Mortality factors in infants with congenital diaphragmatic hernia: A systematic review.

Background: Congenital diaphragmatic hernia (CDH) is a malformation of the diaphragm accounting for 8% of all major congenital anomalies. Although many clinical factors of survival in children with CDH have been established, limited research exists on the role of sociodemographic and other factors. We aimed to systematically identify and summarize all available international literature, published from January 2000 to July 2017, evaluating specific mortality factors for children with prenatally diagnosed, isolated, left-sided CDH.

Methods: MEDLINE, PROSPERO, EMBASE, Scopus, The Cochrane Library databases, and the table of contents for the past 5 years for relevant journals were searched systematically. The risk factors of interest were as follows: birth weight, gestational age (GA) at diagnosis, GA at birth, infant sex, maternal age, ethnicity, socioeconomic status (SES), and plurality. The primary outcome measure was survival. Data were extracted on study design, study quality, participant data, and survival-related effect estimates.

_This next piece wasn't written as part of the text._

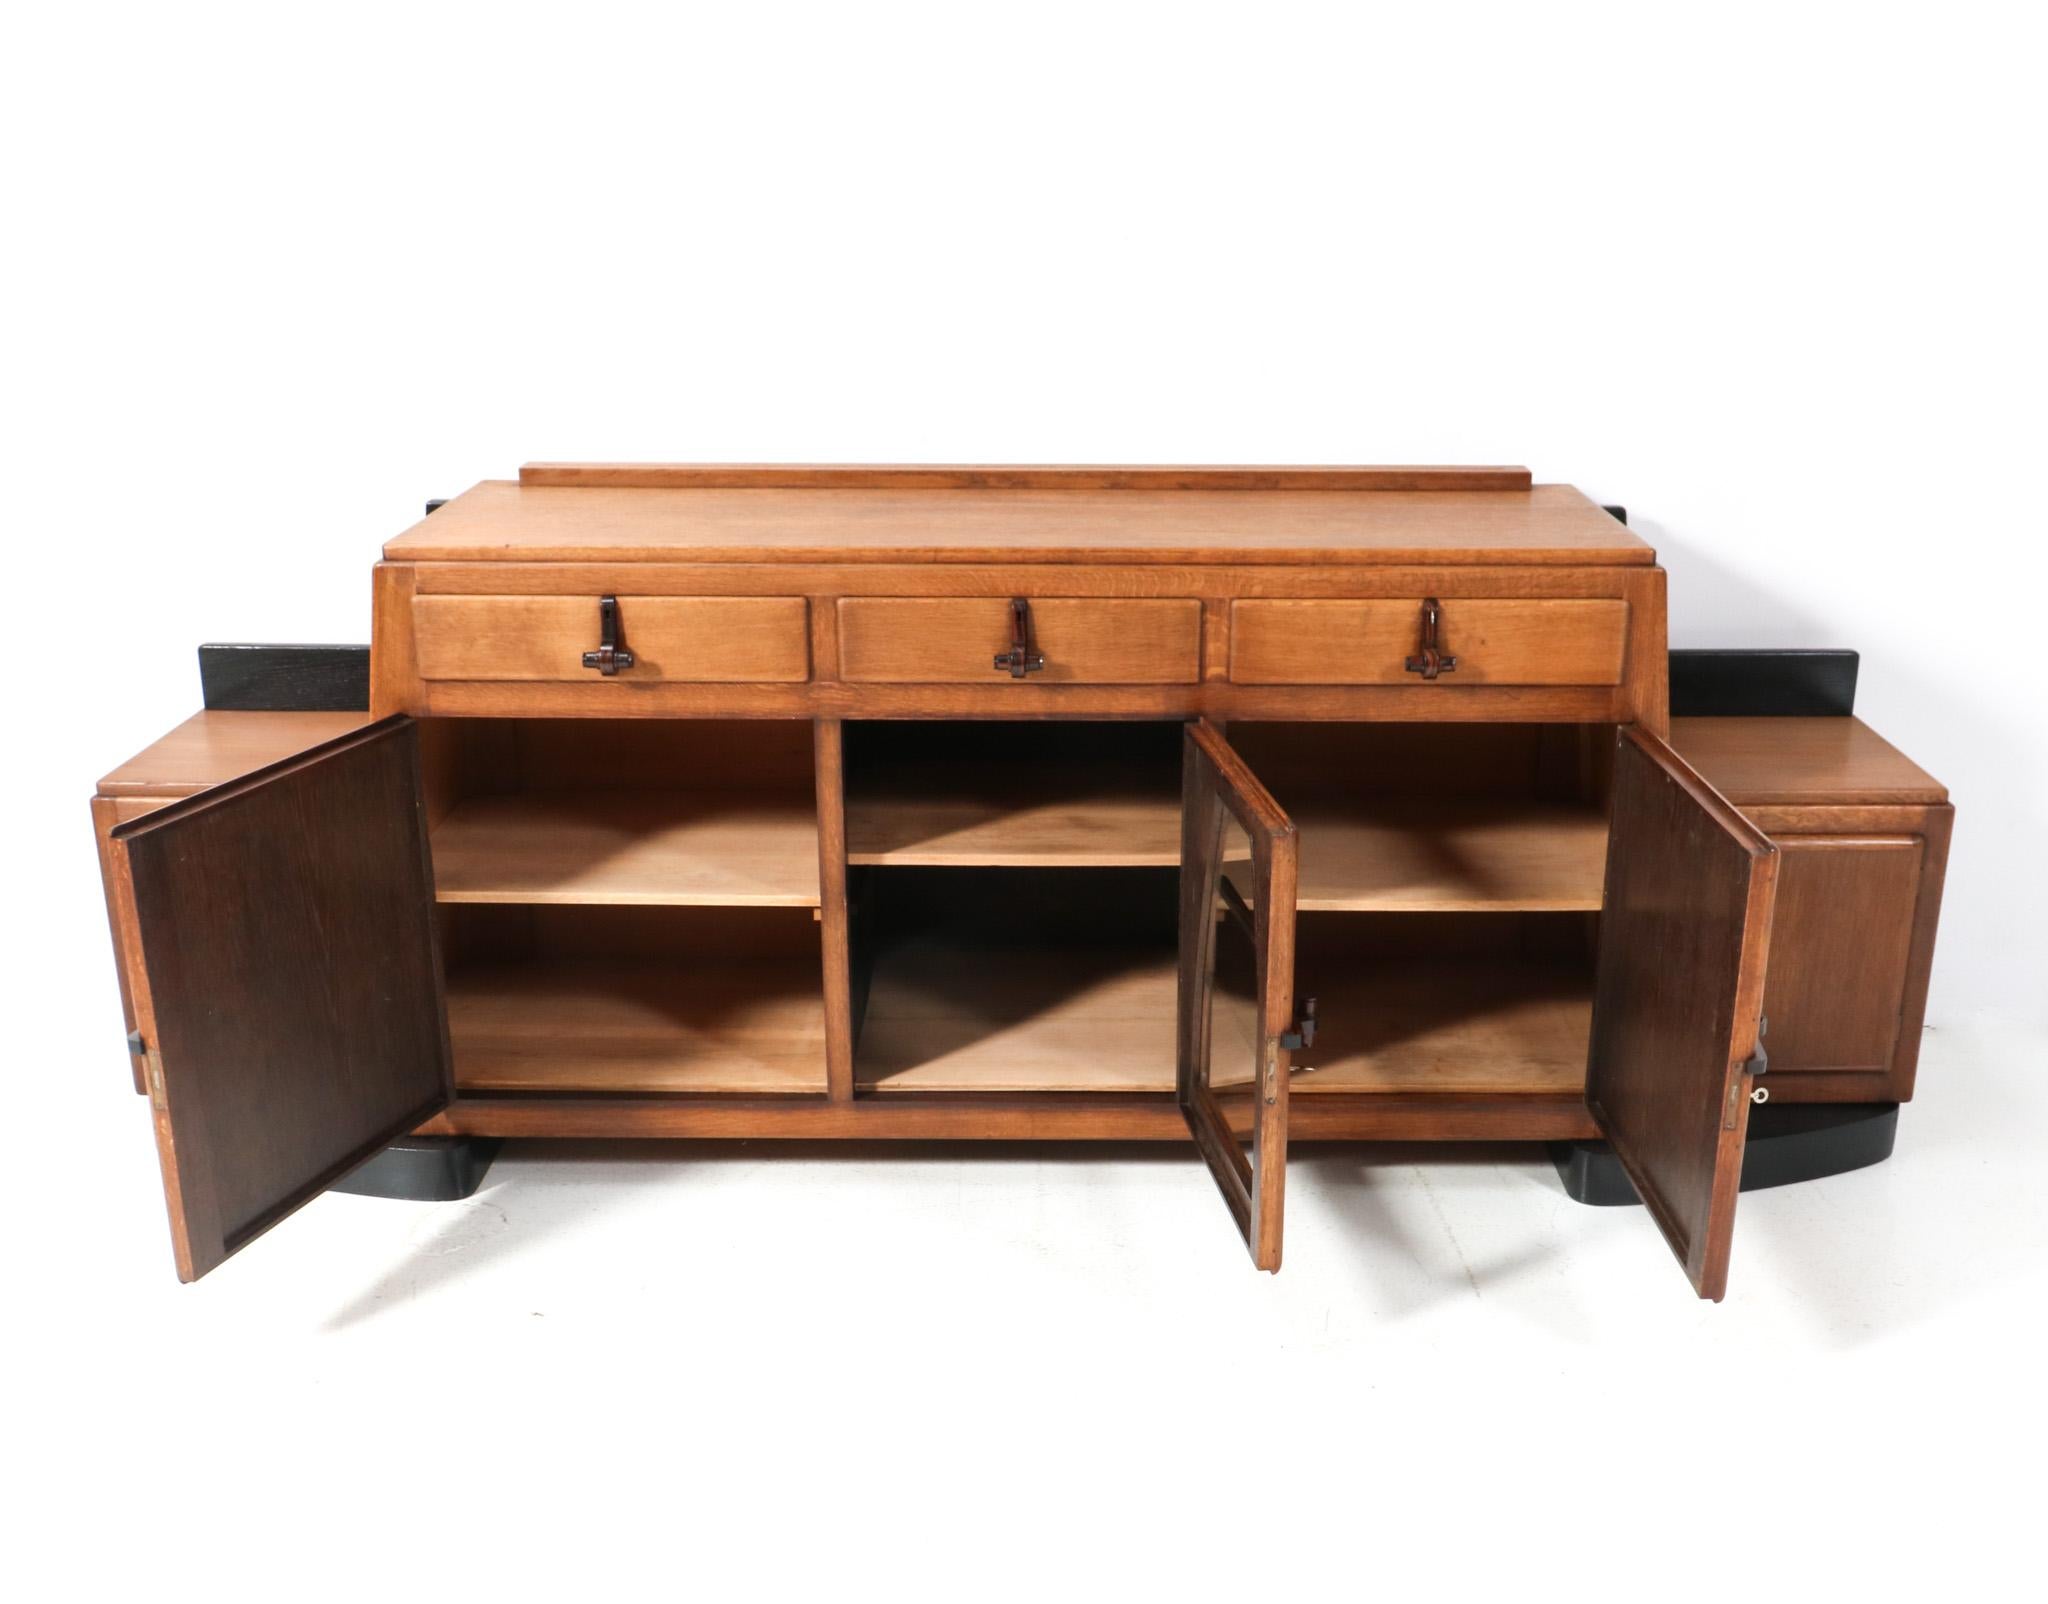 Early 20th Century  Art Deco Amsterdamse School  Credenza by Pieter Vorkink & Jacob Wormser, 1920s For Sale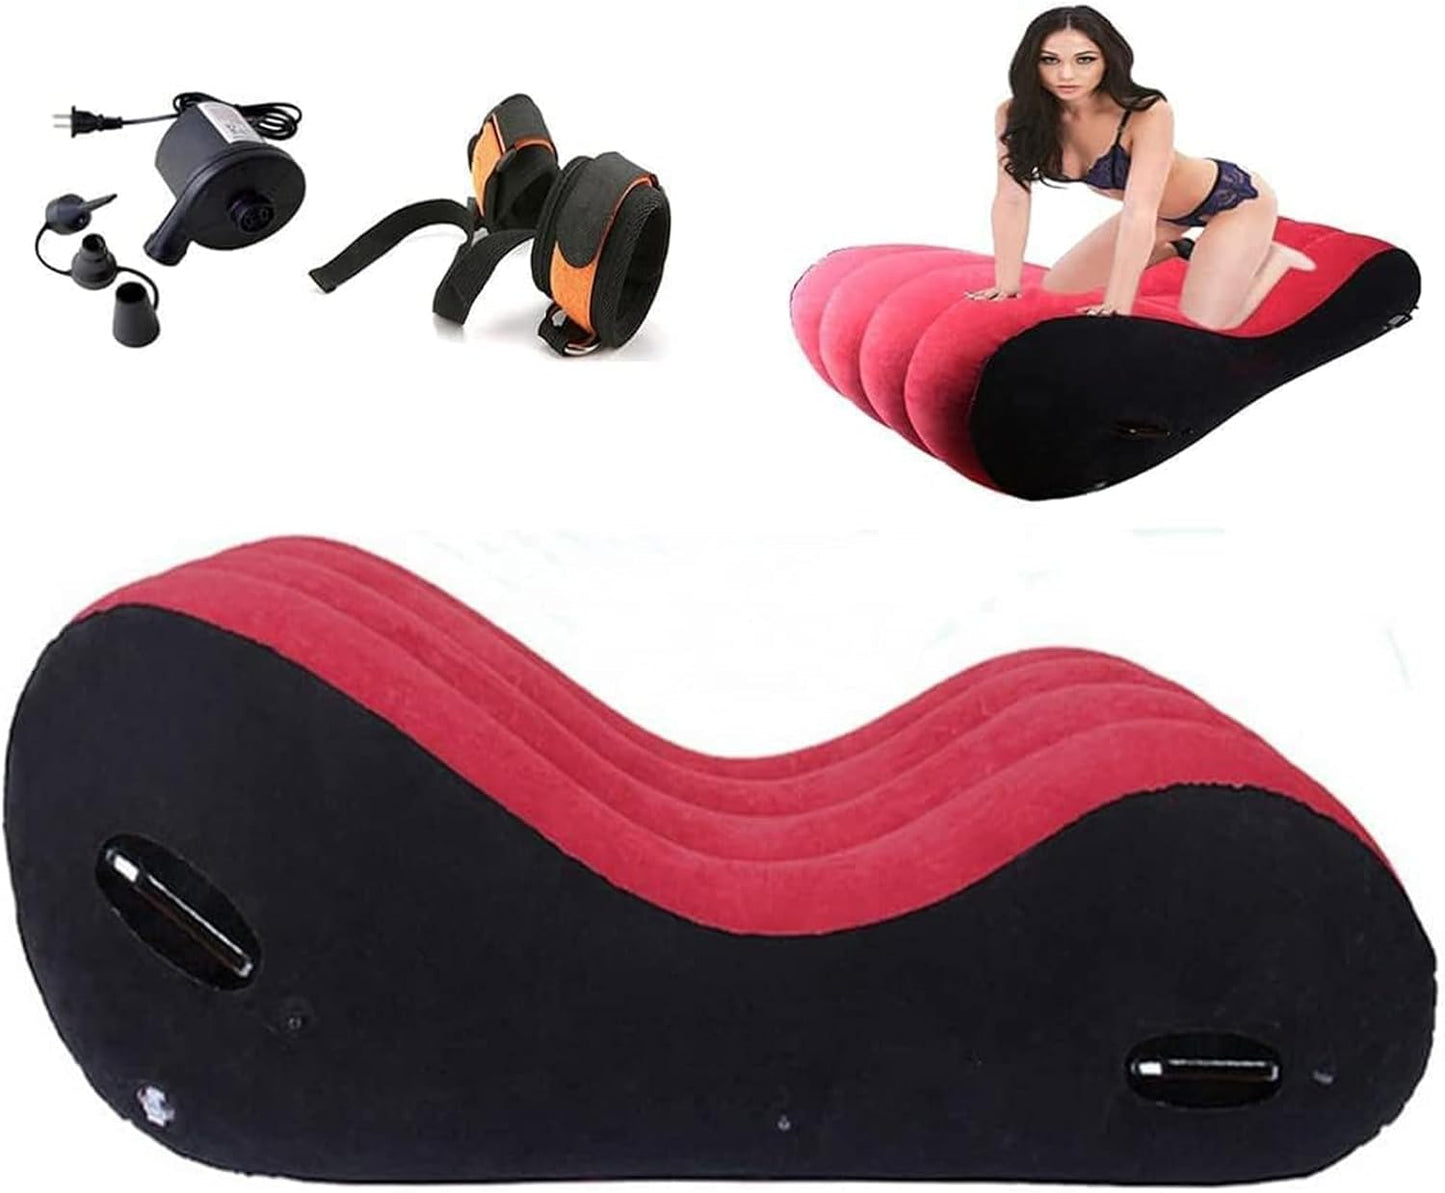 Inflatable Sex Bench

Results: Seven studies fulfilled the inclusion criteria. In total, 347 children were included in the review. Birth weight, GA at diagnosis, and GA at birth were evaluated in five studies each, infant sex in two, and maternal age in one. None of these factors were significantly associated with survival. No studies evaluated the influence of plurality, ethnicity or SES.

Conclusion: Although the factors of interest showed no significant association with survival, more evidence is required to confirm these findings. Understanding whether sociodemographic factors are associated with survival may help inform the development of public health interventions to improve survival rates for children with CDH.